* **PROVIDED DATA**:
§

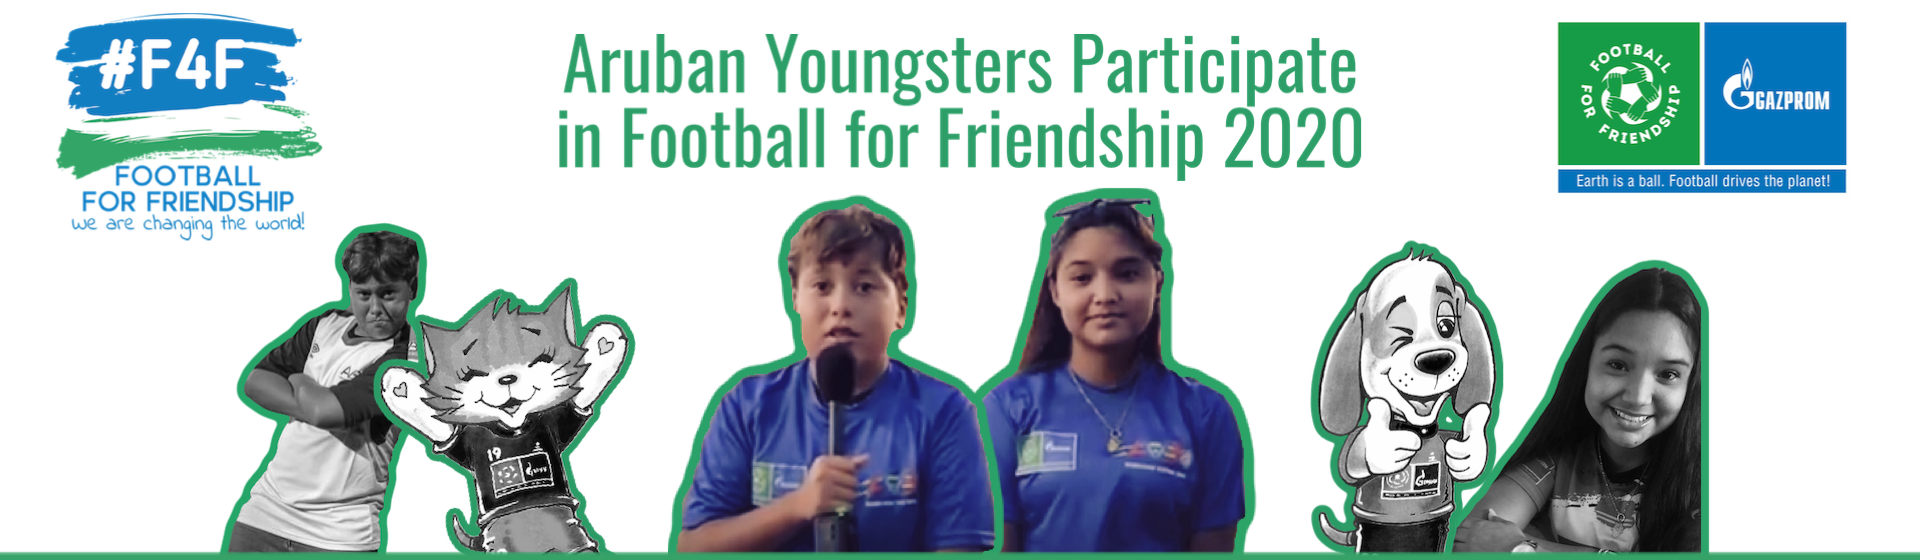 Caribbean News Global aruban-f4f Aruban youngsters participate in Football for Friendship 2020  
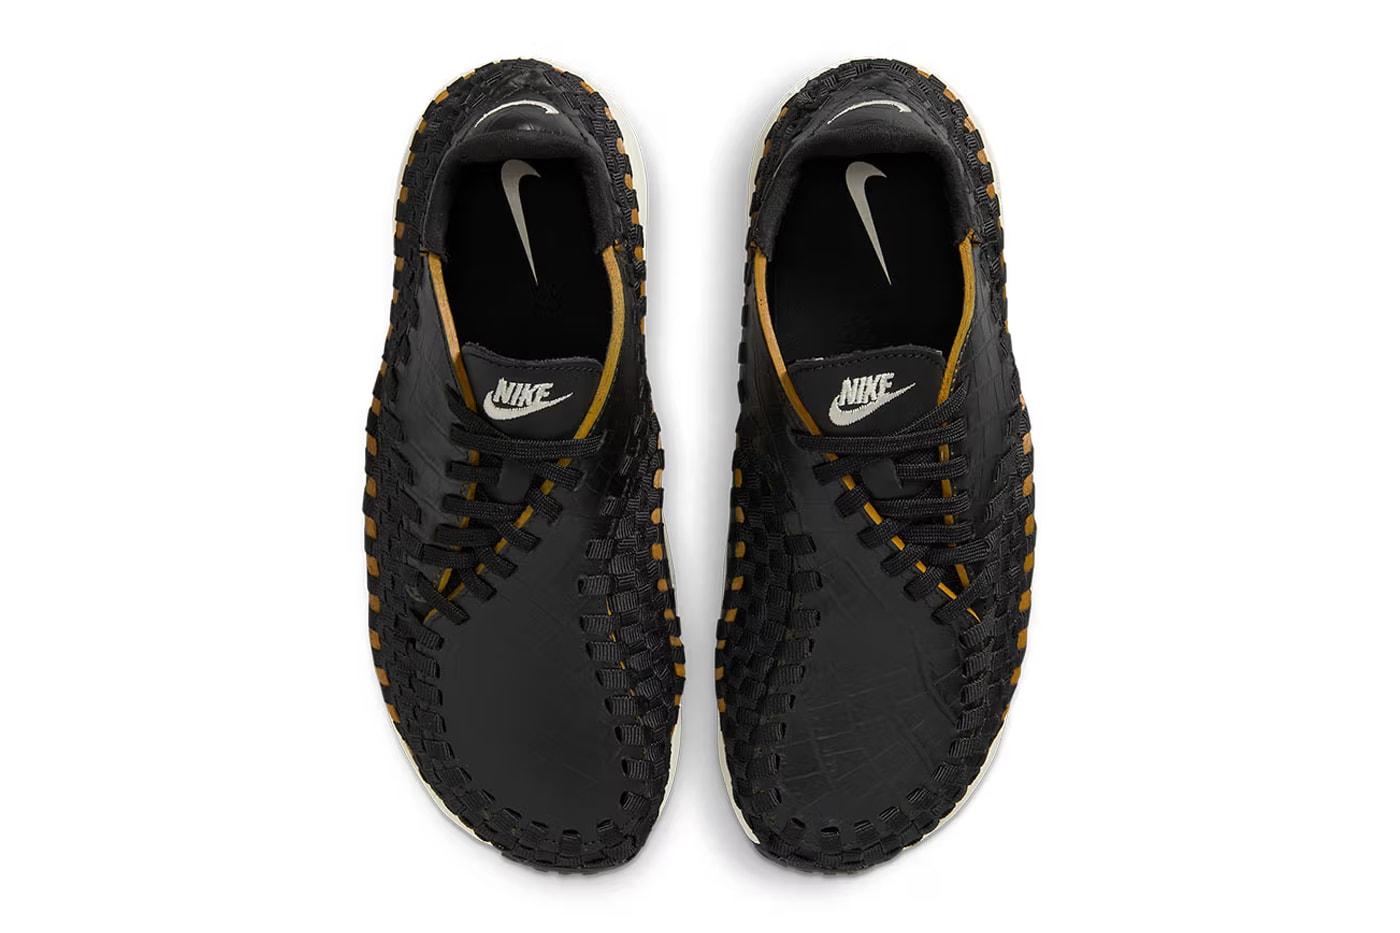 nike air footscape woven black croc FQ8129 010 release date info store list buying guide photos price 
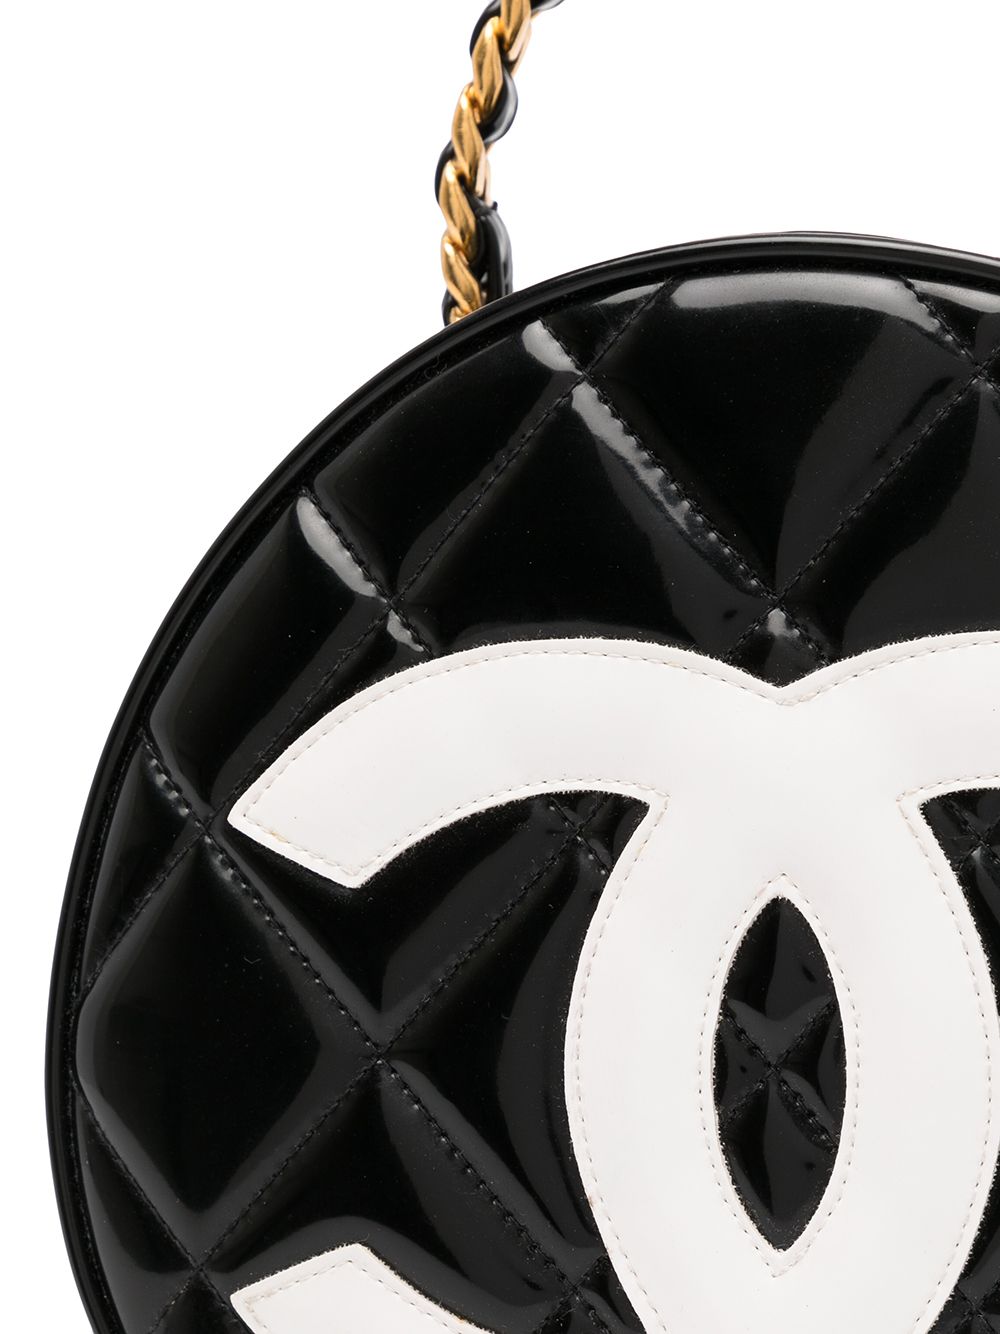 CHANEL Pre-Owned 1995 CC diamond-quilted Vanity Bag - Farfetch
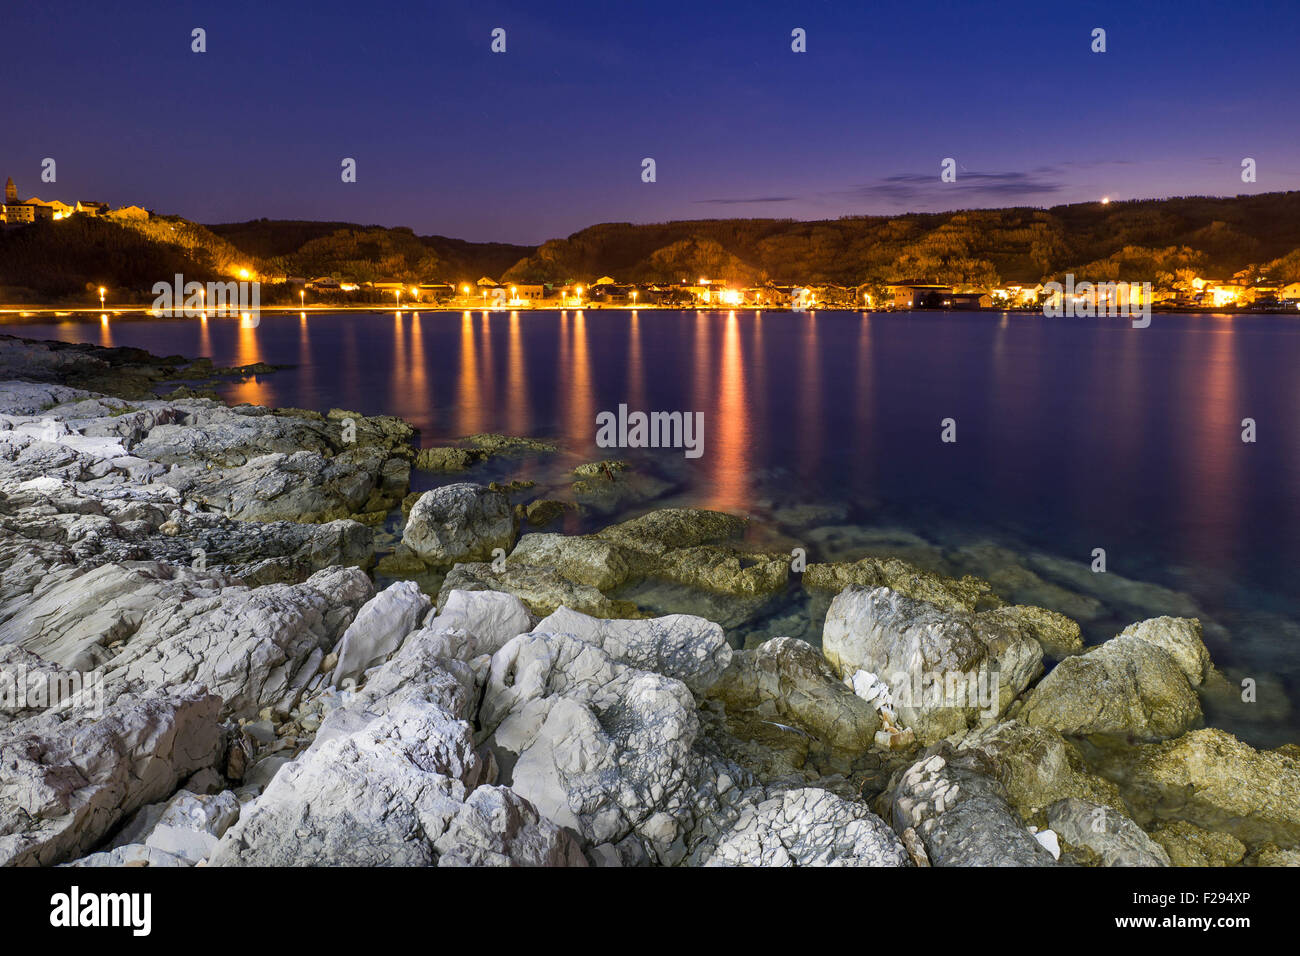 Coast of Susak at night, lights reflecting in the water Stock Photo

§

Everything in the listing above except the pictures should be duplicated exactly.

* **RESPONSE TO THIS TASK**:
 Caribbean News Global aruban-f4f Aruban youngsters participate in Football for Friendship 2020  
 nike air footscape woven black croc FQ8129 010 release date info store list buying guide photos price 
 CHANEL Pre-Owned 1995 CC diamond-quilted Vanity Bag - Farfetch
 Coast of Susak at night, lights reflecting in the water Stock Photo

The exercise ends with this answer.